While it is too soon to tell the true implications of the Governor’s State of the State and his proposed 2010-2011 budget certain strategies seem clear and they should give pause to any enthusiasm that might have greeted Arnold’s general statements about shifting priorities from punishment to education. I think that we need to try to seize the rhetorical opening that the State of the State provided while challenging the ways that Schwarzenegger frames the problem and proposes to solve it.

There were positive elements to this week’s policy announcements. When Arnold declared that “The priorities have become out of whack over the years. … 30 years ago 10 percent of the general fund went to higher education and three percent went to prisons. Today, almost 11 percent goes to prisons and only 7.5 percent goes to higher education. Spending 45 percent more on prisons than universities is no way to proceed into the future. What does it say about our state? What does it say about any state that focuses more on prison uniforms than on caps and gowns? It simply is not healthy” he opened up a space to challenge one of the most devastating policy trends of the last several decades—not just in California but throughout the nation. The shift from social investment to mass incarceration has been a fundamental moment in the growth of inequality since the 1980s. This recognition of the need to alter public priorities, along with his promise to protect CSU and UC from further cuts is something to be taken up and pressed.

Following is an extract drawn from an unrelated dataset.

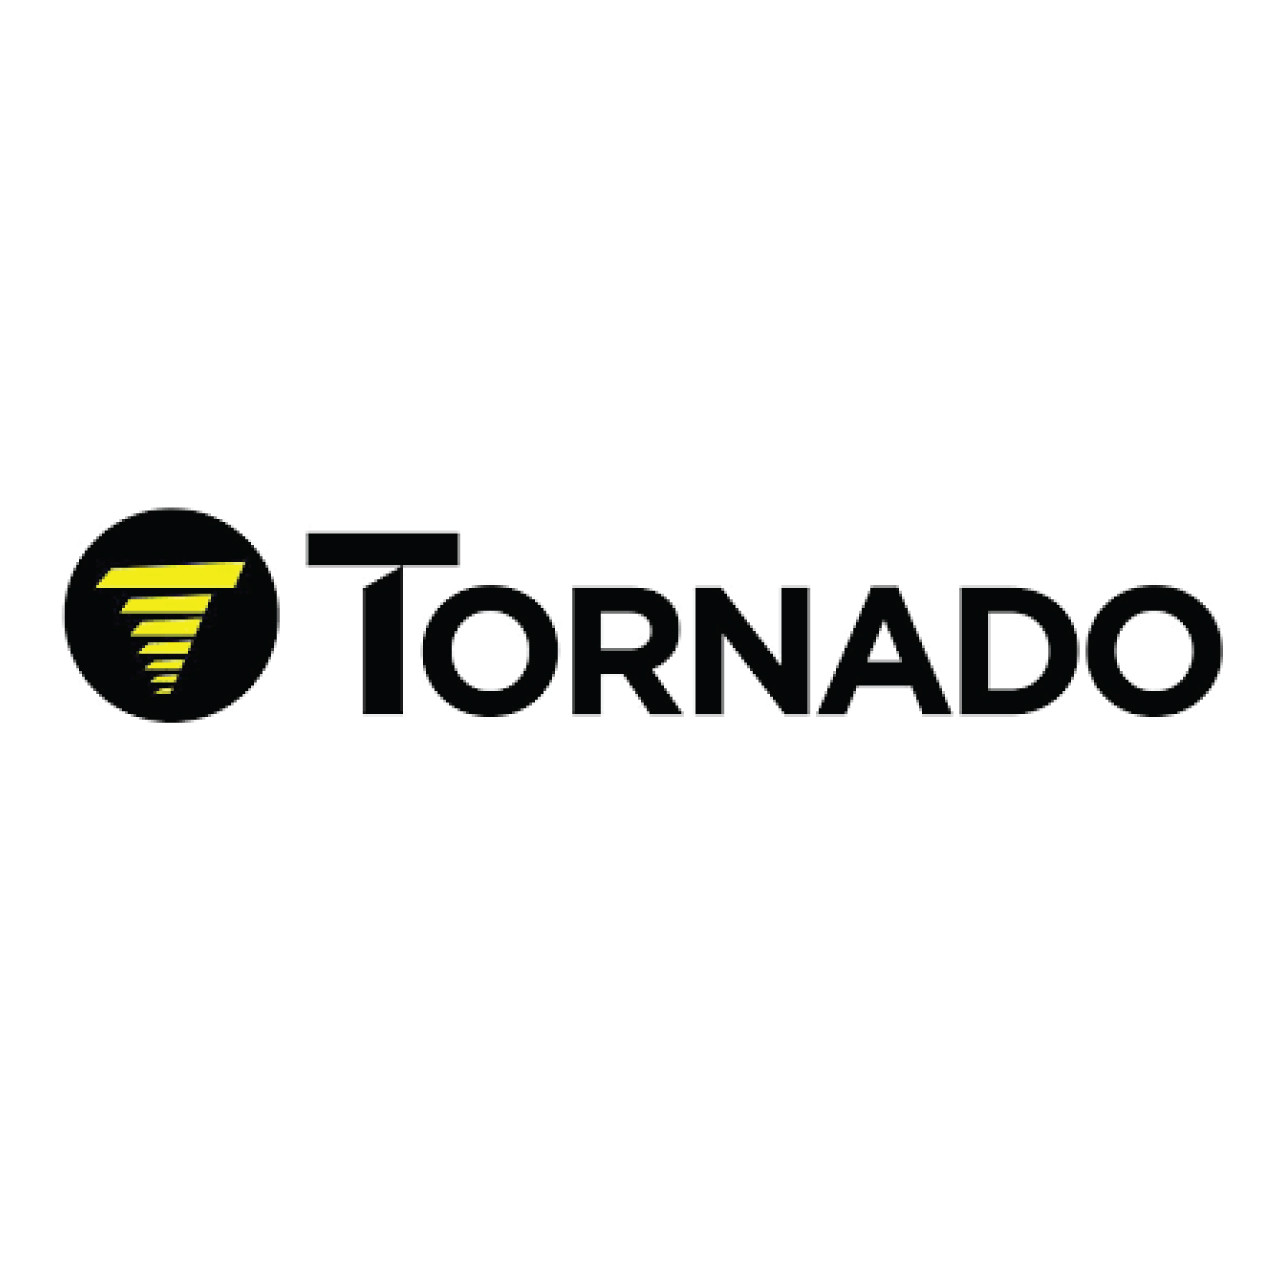 03-6001-0000, Tornado 03-6001-0000, Tornado HEAT SINK BRACKET 1.5MM THICK ALU. CLEAR ANODISE, Tornado parts

But as the Governor’s elaboration of his vision (both in a supplementary statement and in his budget) makes clear, we need to resist his strategy to reverse this trend. Although this is beyond the direct question of higher education, the Governor’s proposal depends on reforming corrections not by reforming sentencing but by contracting out inmate care to corporate prisons. In doing so, the Governor aims to sidestep the demands placed on the prison system by federal courts and strike another blow against labor costs while avoiding a real re-consideration of the policy of mass incarceration itself. It is the costs that he is concerned about. In effect, the Governor would be engaging in a subsidization (to use Aranye Fradenburg’s phrase) of corporate prisons in order to slow down the privatization of higher education (as is marked by the rise in student fees).

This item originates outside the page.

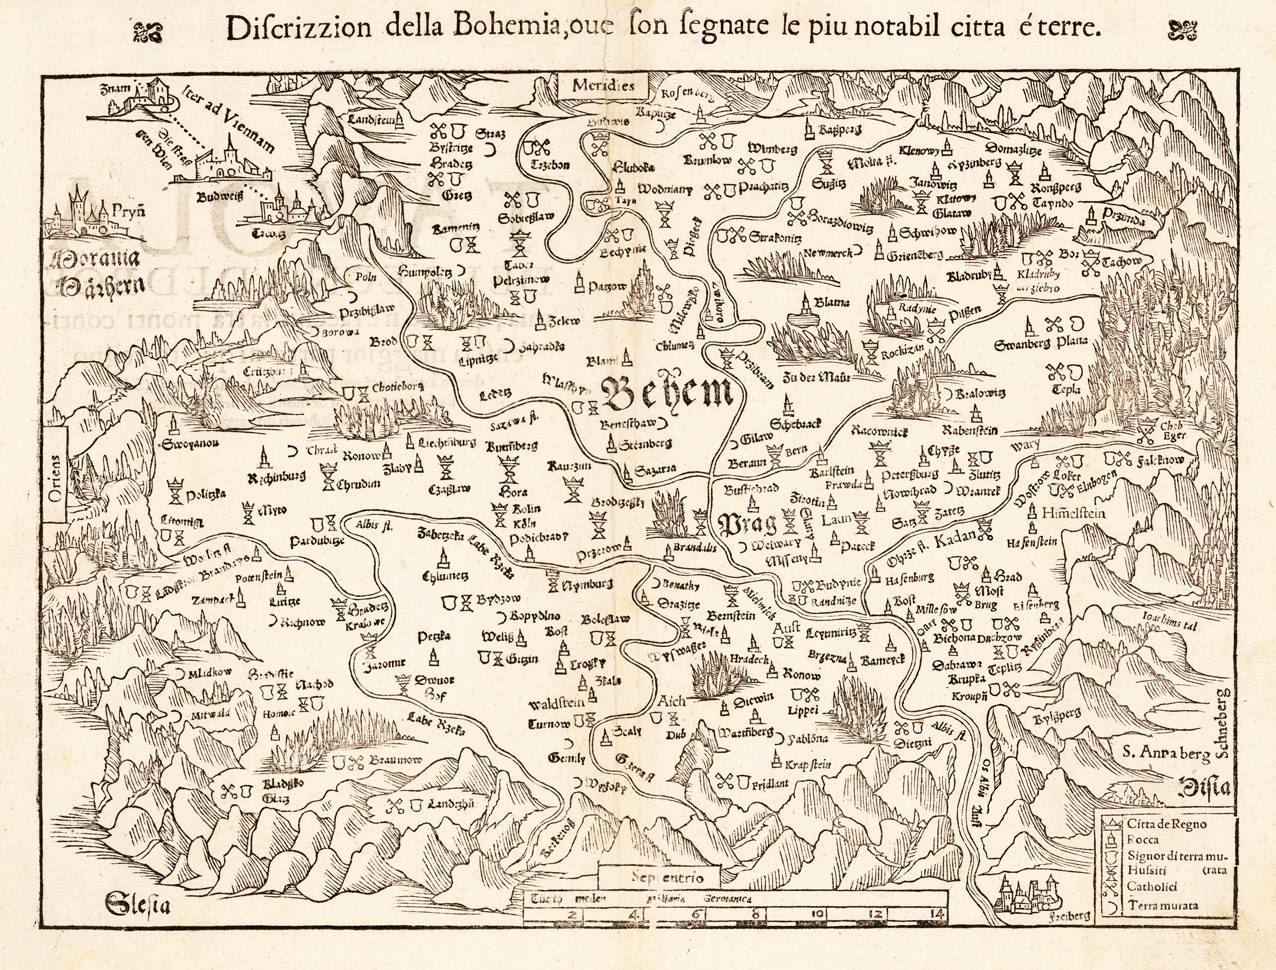 Basel, Petri H. rok 1575, - podle Klaudyána

These problems become clearer in the Governor’s actual budget proposals. The Governor’s proposal depends on the arrival of large numbers of federal funds. For that reason alone it is probably not long for this world. But more striking is the distribution of actual cuts. While the State of the State placed great emphasis on the relationship of punishment to education, in the proposed budget the really deep cuts will be coming out of transportation, the protection of natural resources, and health and human services. If the rhetoric is that of education vs. punishment (and it is true that there are some proposed cuts to corrections) the real tradeoffs seem to be between education and services for the poor, the sick, and the elderly. (BudgetSummary, 13) While the Governor is presuming that he can gain additional funds from the Federal Government he is refusing to consider expanding the state’s revenues.

It is the logic of the zero-sum game that the Governor is playing. He has steadfastly refused to consider new sources of revenues or any fundamental revision of our regressive tax system (note that while he proposes increased off-shore drilling but no mention of an oil-extraction tax). Once again he is urging legislators to take up the Parsky Commission suggestions which not only will make the tax system more regressive but probably will lower revenues in the long-run. Under the welcome rhetoric of a shift in the state’s priorities from punishment to education, he is proposing to further strip those in greatest need without discomforting those with the greatest resources. Susan Kennedy’s fascinating comment that “Those protests on the U.C. campuses were the tipping point,” indicated not only that the fall’s protests made a real difference but how much remains to be done. Personally, I don’t want to fund higher education at the expense of the poor and the sick. We need to make sure that we make our commitments to higher education and our commitments to a wider shift in the priorities of the state clear. The Governor’s State of the State opened up a new space to make that argument—we should do all we can to prevent his budget from closing it off.

13 comments:

  1. Contrarian Anonymous says:

    This is kind of what I was trying to warn about.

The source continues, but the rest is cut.